[Source data]

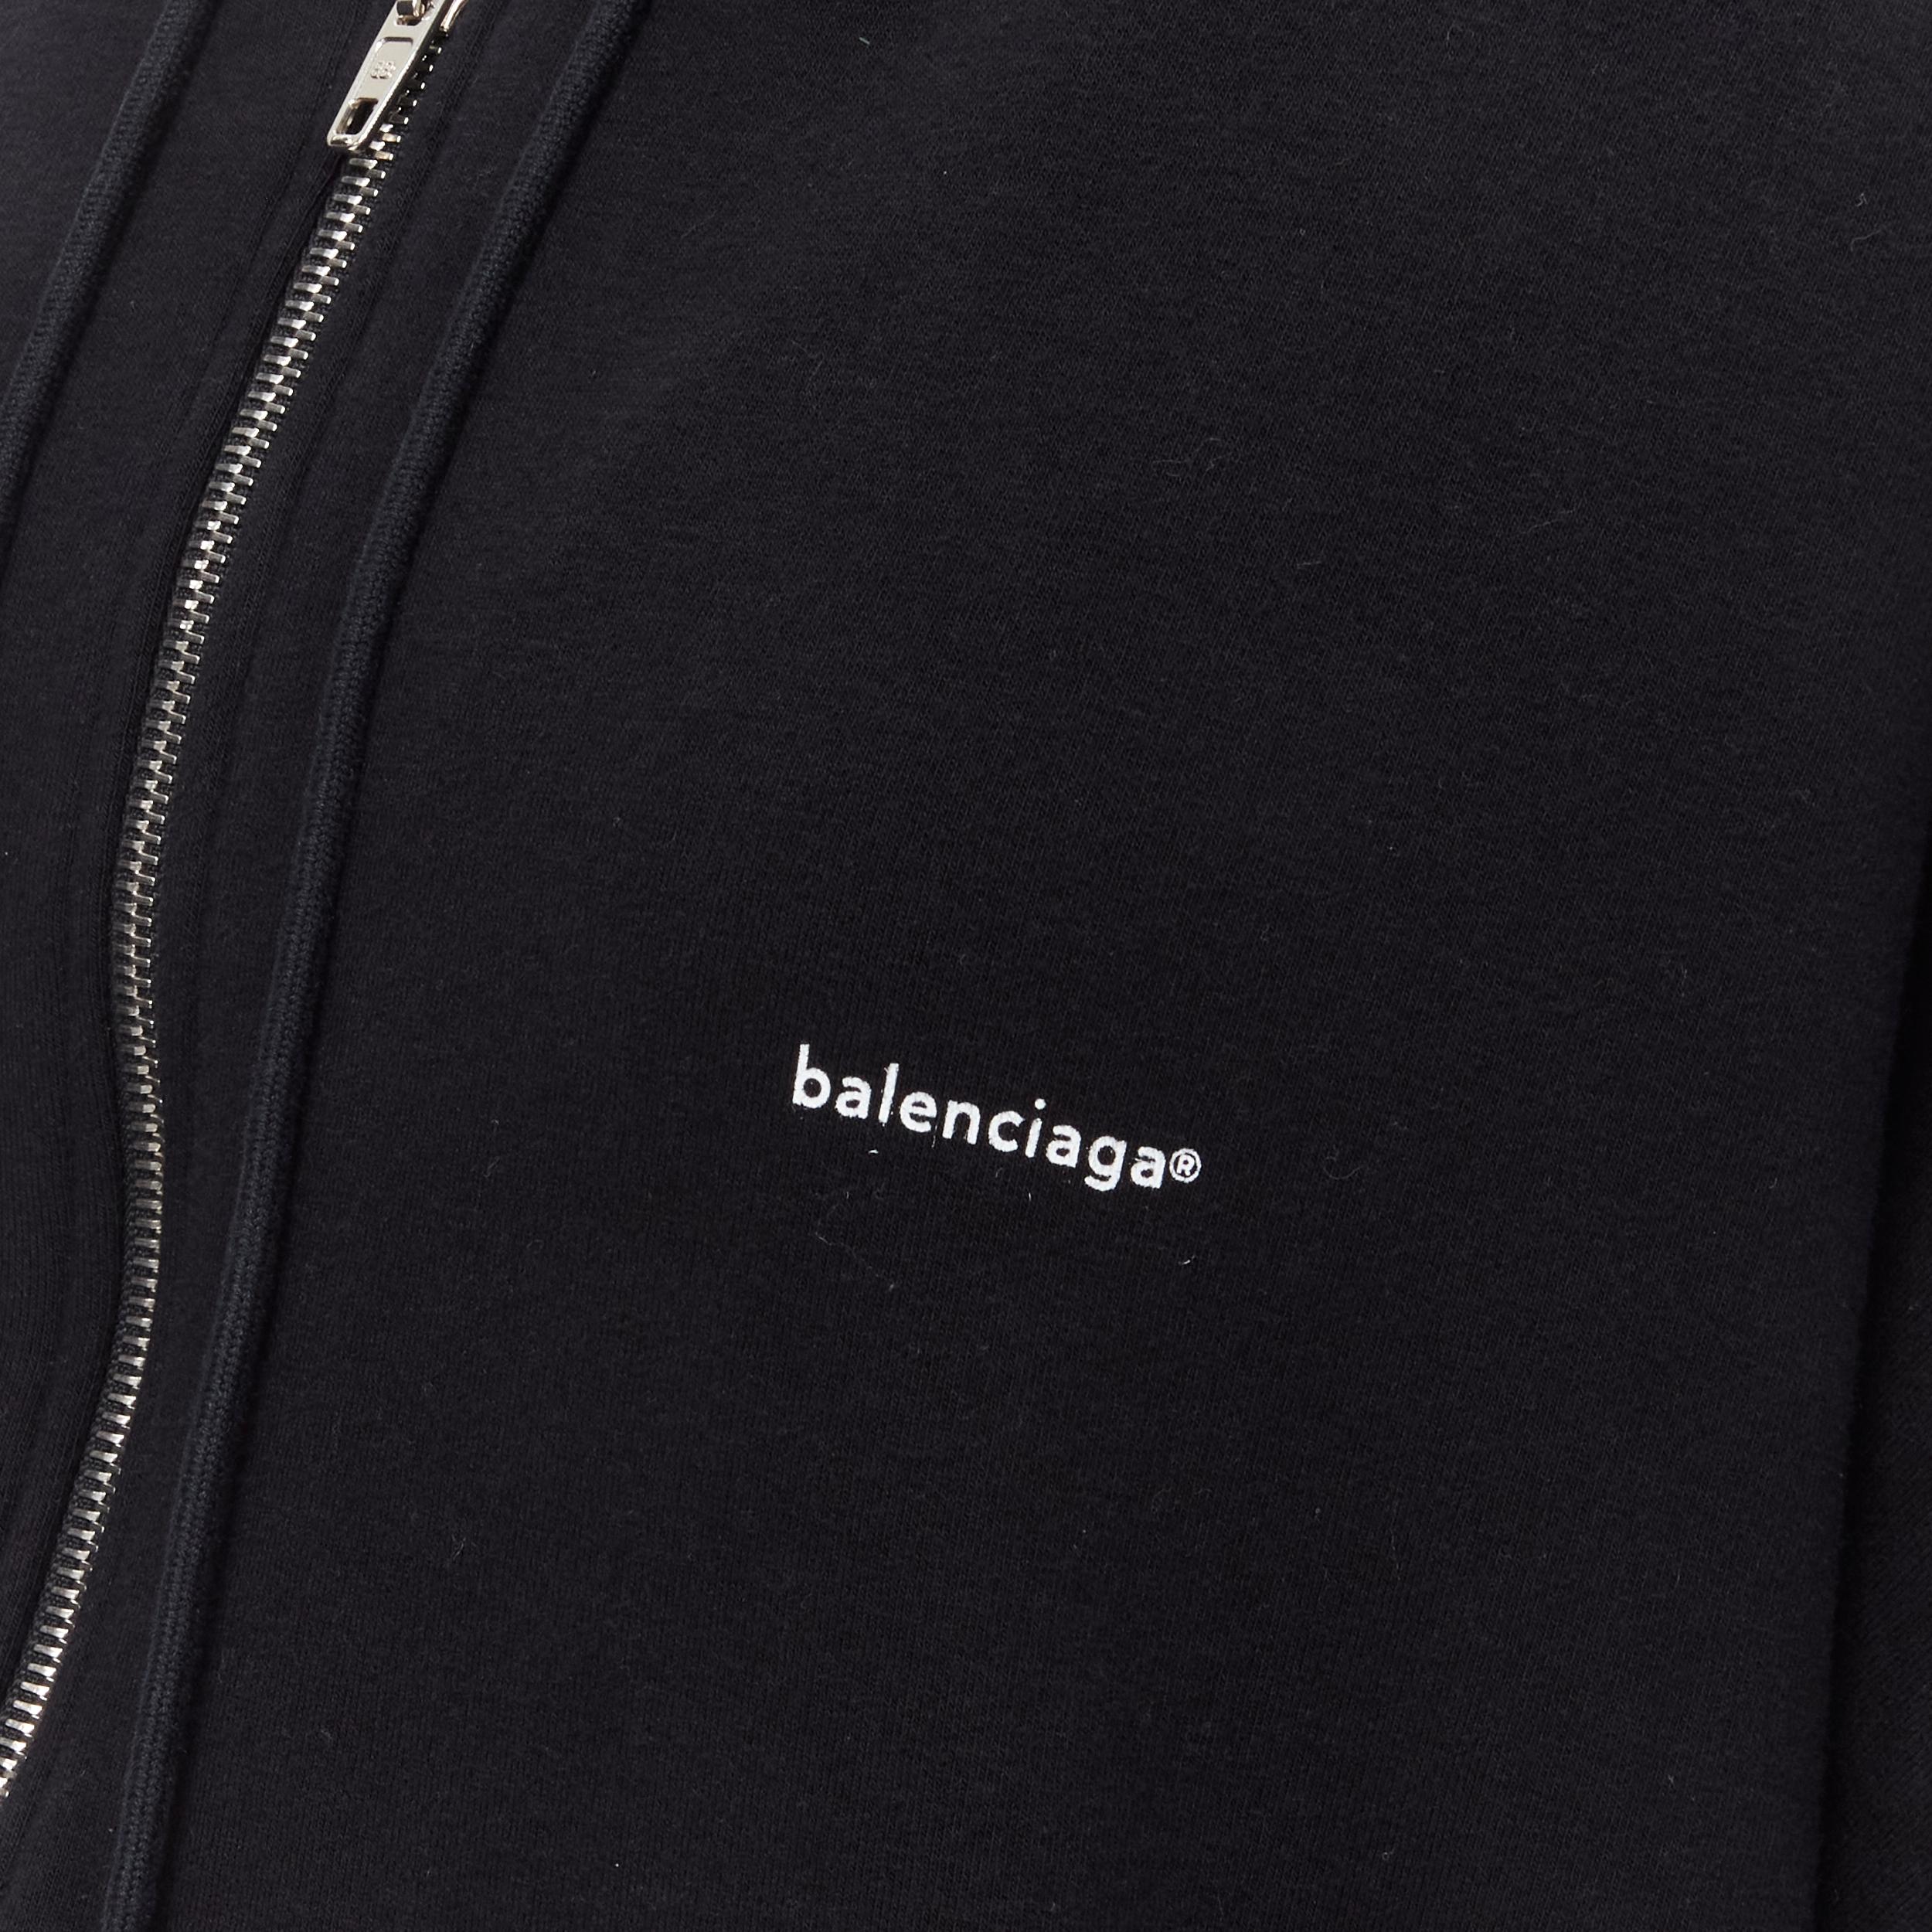 BALENCIAGA 2018 Demna black cotton white logo print oversized zip up hoodie M 
Reference: MELK/A00027
Brand: Balenciaga 
Designer: Demna 
Collection: 2018 
Material: Cotton 
Color: Black 
Pattern: Solid 
Closure: Zip 
Extra Detail: BB logo on

• _REQUIRED ACTION_: Could all the data above be given again exactly, leaving out its images?

• _SOLUTION_:
 BALENCIAGA 2018 Demna black cotton white logo print oversized zip up hoodie M 
Reference: MELK/A00027
Brand: Balenciaga 
Designer: Demna 
Collection: 2018 
Material: Cotton 
Color: Black 
Pattern: Solid 
Closure: Zip 
Extra Detail: BB logo on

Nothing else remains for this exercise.